The Offer to Repurchase and the Letter of Transmittal are being forwarded to you for your information only and cannot be used by you to tender Shares held by us for your account. We are the holder of record of Shares held for your account.A tender of such Shares can be made only by us as the holder of record and only pursuant to your instructions.
Your attention is called to the following:
(1) | The purchase price to be paid for the Shares is an amount per Share, net to the seller in cash, equal to 99% of the net asset value per Share as determined by the Fund at the close of regular trading on the New York Stock Exchange on July 24, 2012, or the business day following such later date to which the Offer is extended.

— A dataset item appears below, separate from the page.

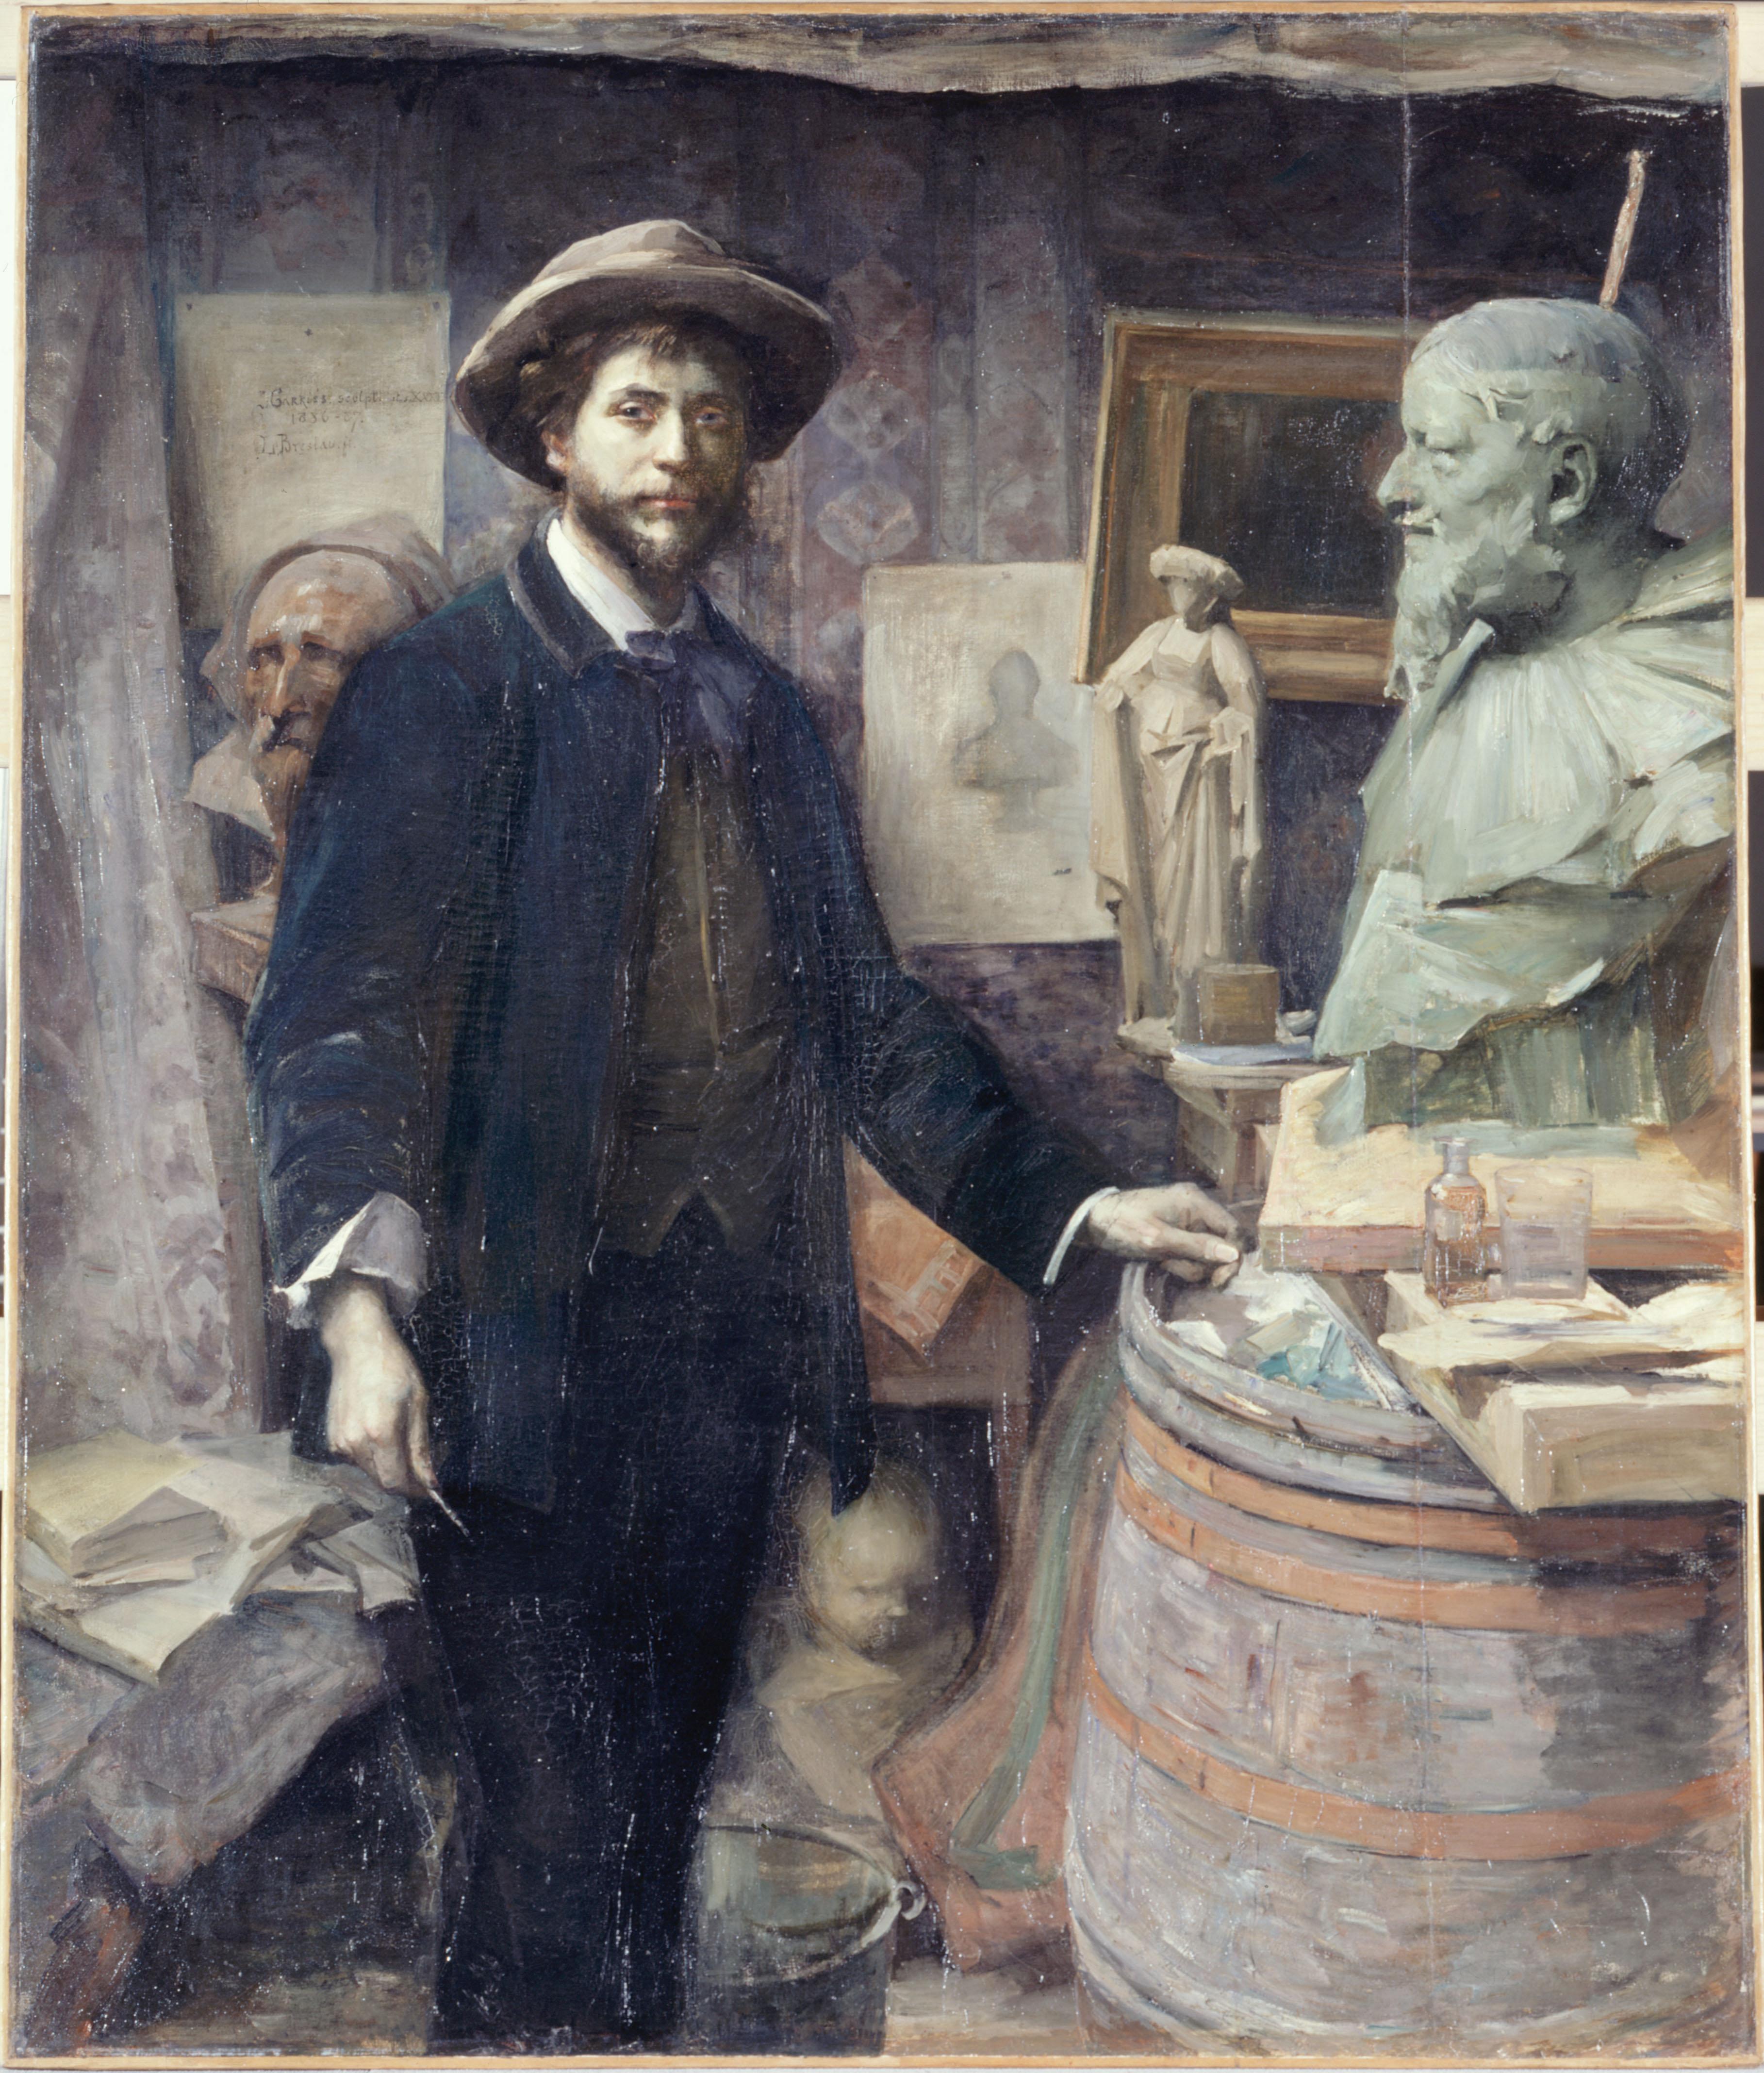 Portrait de Carriès dans son atelier par Louise Catherine Breslau, 1885-1886 Huile sur toile - 165 x 139 cm - Paris, Petit Palais

The current net asset value of the Fund is calculated daily and may be obtained by calling AST Fund Solutions, LLC, the Fund’s Information Agent, at 800-591-8254 (toll free) or 212-400-2605 (collect call) or by calling the Fund toll free at 888-246-2255. |
(2) | The Offer is not conditioned upon any minimum number of Shares being tendered. |
(3) | Upon the terms and subject to the conditions of the Offer, the Fund will purchase all Shares validly tendered and not properly withdrawn on or prior to 11:59 p.m., New York time, on July 23, 2012, or such later date to which the Offer is extended (the “Termination Date”). |
(4) | Tendering Stockholders will not be obligated to pay brokerage fees or commissions to the Fund or Depositary in connection with their participating in the Offer, but they may be charged fees by their broker, dealer, commercial bank, trust company or other nominee for processing their tender. Subject to Instruction 7 of the Letter of Transmittal, tendering Stockholders may be obligated to pay transfer taxes on the purchase of Shares by the Fund; Stockholders may also be subject to other transaction costs, as described in Section 1 of this Offer to Repurchase. |
(5) | Your instructions to us should be forwarded in ample time before the Termination Date to permit us to submit a tender on your behalf. |
An envelope to return your instructions to us is enclosed. YOUR INSTRUCTIONS TO US SHOULD BE FORWARDED AS PROMPTLY AS POSSIBLE IN ORDER TO PERMIT US TO SUBMIT A TENDER ON YOUR BEHALF IN ACCORDANCE WITH THE TERMS AND CONDITIONS OF THE OFFER.
The Offer is not being made to, nor will tenders be accepted from or on behalf of, holders of Shares in any jurisdiction in which the making or acceptance of the Offer would not be in compliance with applicable law.
Neither the Fund nor its Board of Directors is making any recommendation to any Stockholder whether to tender or refrain from tendering Shares in the Offer. Each Stockholder is urged to read and evaluate the Offer and accompanying materials carefully.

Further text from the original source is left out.